My toes curled, a sour tang rising in my throat.
I’d just found my dad’s little black book.
Dad’s ever-wandering eye was the catalyst of many arguments between him and mom, and after mom left, between him and me. It was easier to blame mom’s leaving on his philandering, rather than accept whatever part I had played in it. As I got older, that blame turned to simmering resentment.
When getting in trouble at school, picking fights, missing classes, refusing to turn in homework on time, failed to make dad stay home, I tried a different tactic.
The first boy dad caught me with was Rex Philone. I was grounded for a week and given The Talk.
Which only infuriated me further. I made up my mind that when dad wasn’t home, I wouldn’t be either. I spent a lot of time at the skate park and the drive-in theater, hanging out with boys who only wanted one thing and sensed that I was willing to give it.
I glanced through the book some more and was about to toss it aside when I saw a name that turned my blood cold.
Elly Williams.
Underneath it, dad had written a date: 11/5/2015.
The image of Elly’s son flashed before my eyes.
But Dad would have told me if I had a brother. Right?
I reached for my phone. A quick Google search brought up Elly William’s Facebook page, and although it was private, her profile picture was of her and her son as a newborn. Like all newborns, it was hard to see his true features, impossible to tell if he looked like dad or not.
I dropped the black book back into the box. That’s when I saw the word printed across the top of the papers stuffed next to an old sweatshirt. CASEFILE. Curious, I reached for it.
* * *
Document: Narrative
Author: 9286- Sargent Mitchell Graves #406
Related Date/Time: Aug-11-97
* * *
Synopsis:
On August 11 at approximately 0754 hours, dispatch relayed the call of a body found at Beacon Falls Municipal Park. Upon arrival at the scene, a crowd of onlookers had circled a small overgrowth of weeds at the edge of an irrigation ditch. Upon asking the onlookers to please back up, I was able to see the body later identified as Allison St. James half-submerged in the water of the ditch. Fully-clothed with obvious head trauma.
* * *
Shockwaves over the gruesome discovery had reverberated through the community, but what really struck the final blow that forever etched this case into Beacon Falls memory was who was responsible for her murder.
Three girls, ages twelve and thirteen, had lured Allison away from her house under the guise of a blossoming friendship. They’d been courting the awkward, quiet girl for weeks, plying her with gifts and making her feel like they truly wanted to be friends, when in reality all they wanted was to see, on a dare dreamt up one evening, what it would feel like to kill someone.
I remember the far-away look in dad’s eyes that persisted for days as he relentlessly pursued this case. He and Mitch were both still beat cops, although dad was in line for promotion to sergeant. Maybe that was what had driven him to work ever longer hours, growing snappish and surly as the days passed without a suspect.

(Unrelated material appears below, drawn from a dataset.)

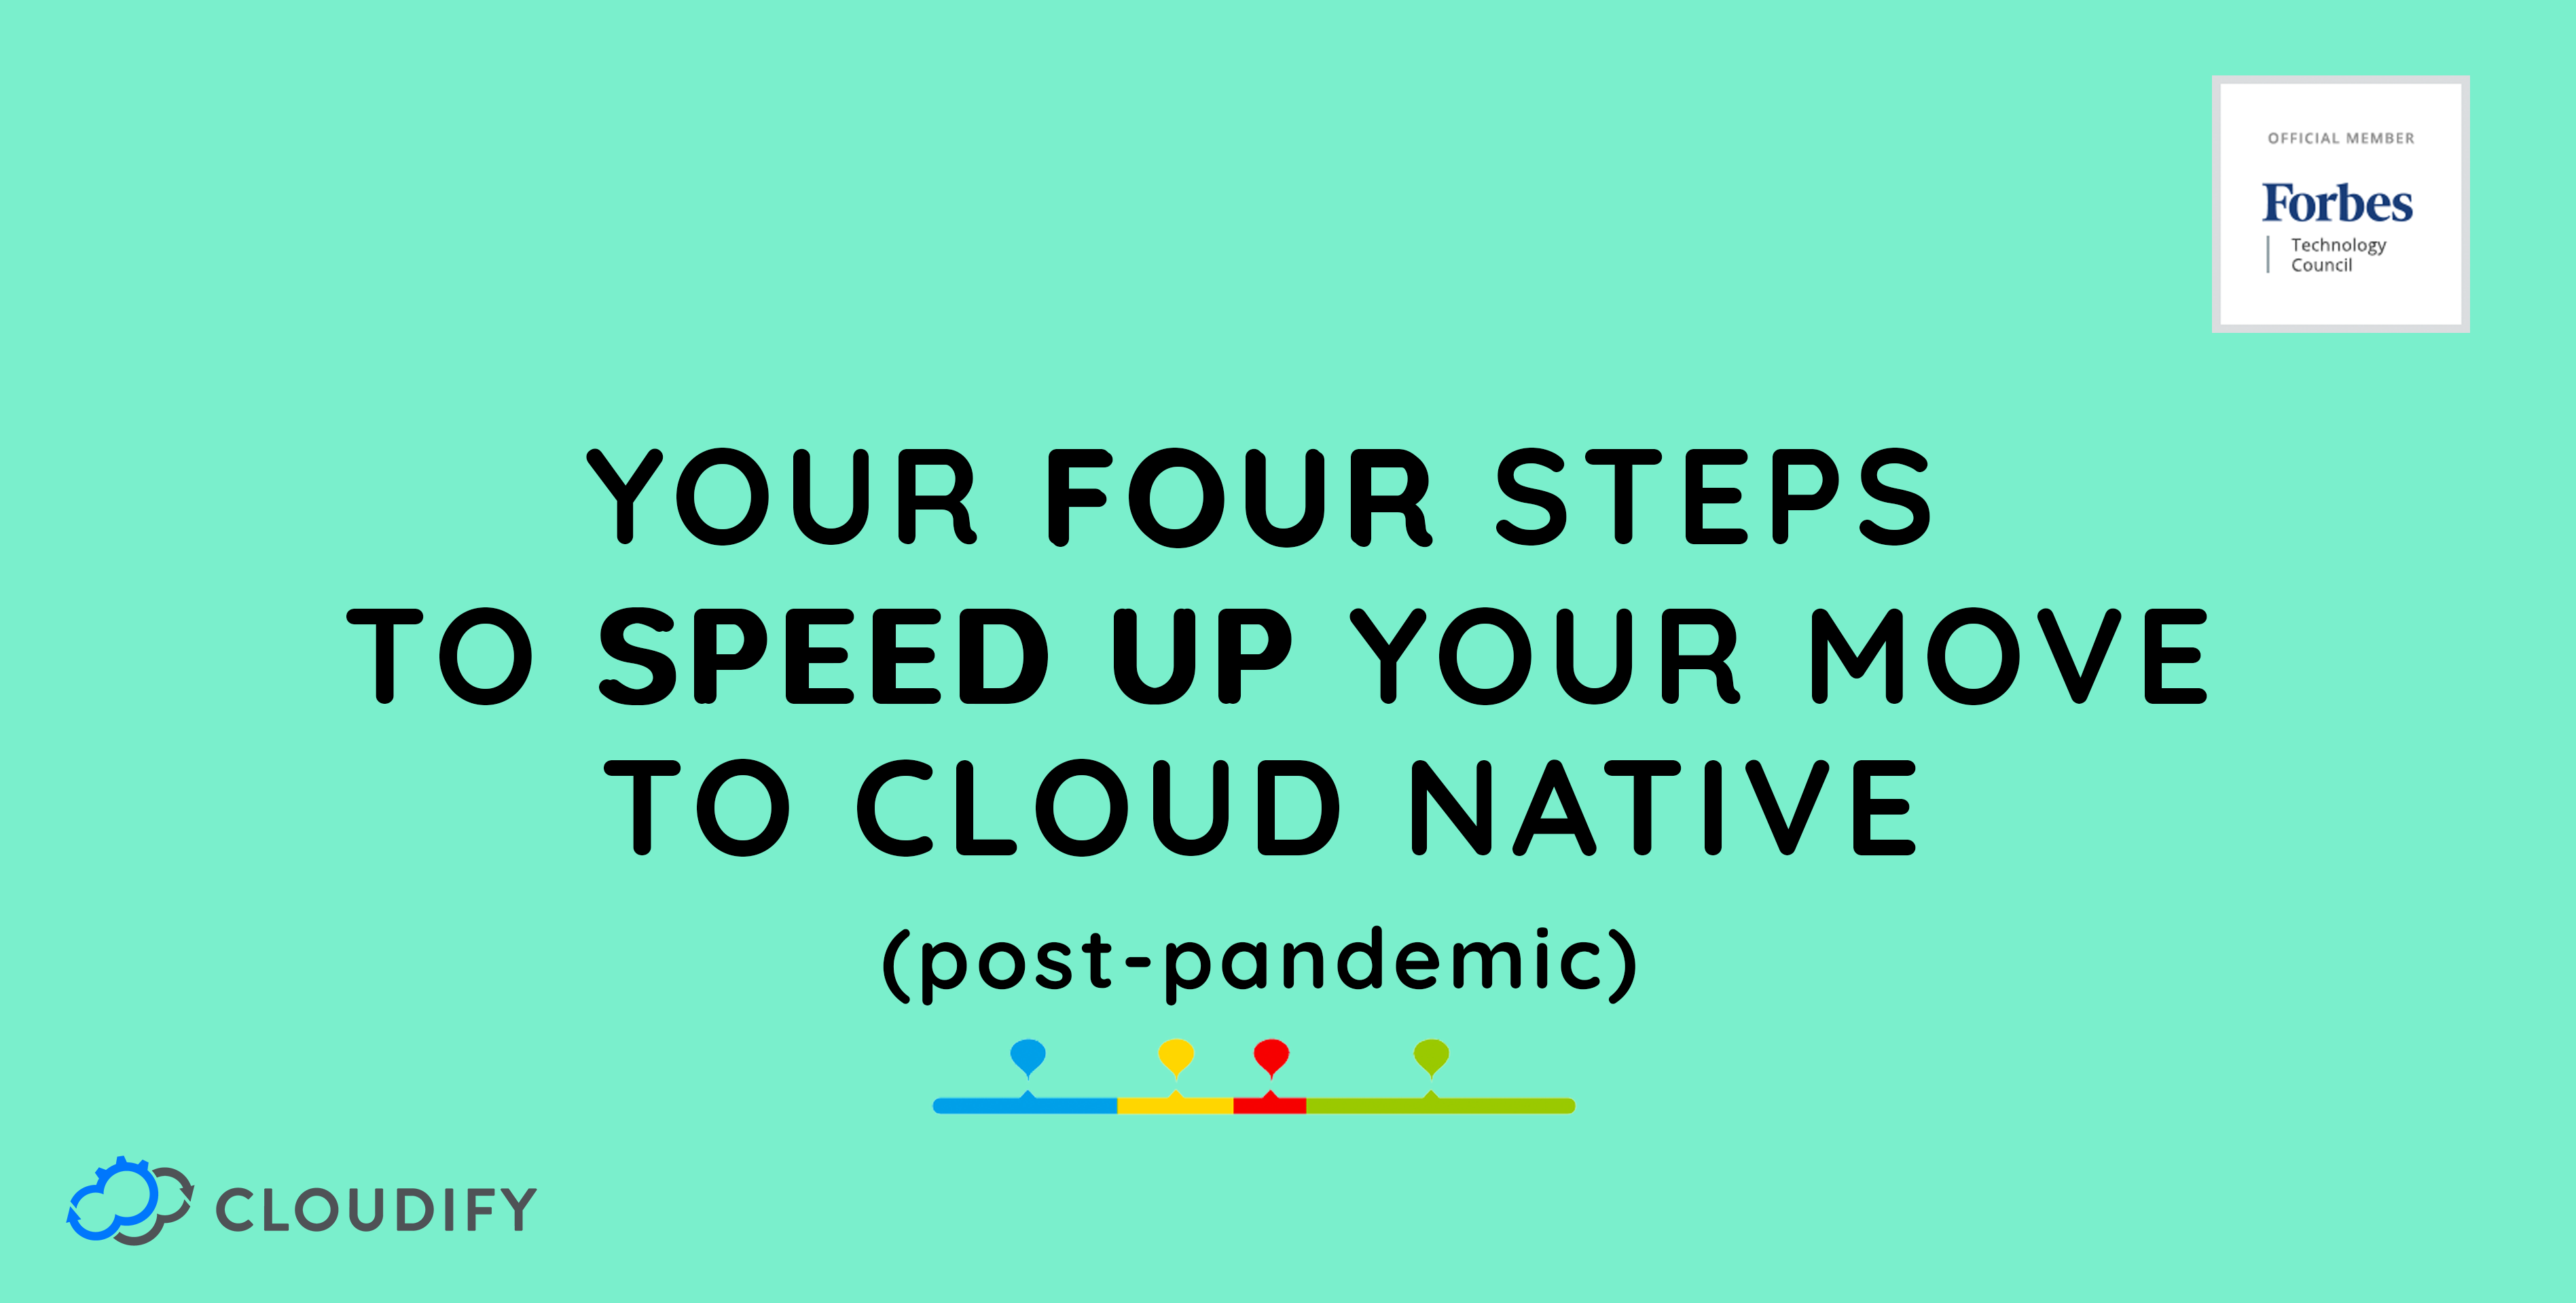 cloud native cloudify forbes

Finally, he found a witness who saw a group of girls walking down to the drainage that evening. That lead eventually drew out the three girls, who were arrested shortly thereafter.
Dad got his promotion, but—and this I remembered had felt strange to me even then—so did Mitch. Mitch had helped with the investigation, but it had been dad who’d spent hours doggedly pursuing even the smallest lead. I knew this because, at that time, I was often at Zoe’s after school, and Mitch was there too, eating dinner with his family while my dad worked his tail off.
Yet even the newspapers said it had been a joint effort.
When I asked dad about it, he shrugged it off, implying that this was simply what happened in small jurisdictions. And back then I accepted his answer as truth.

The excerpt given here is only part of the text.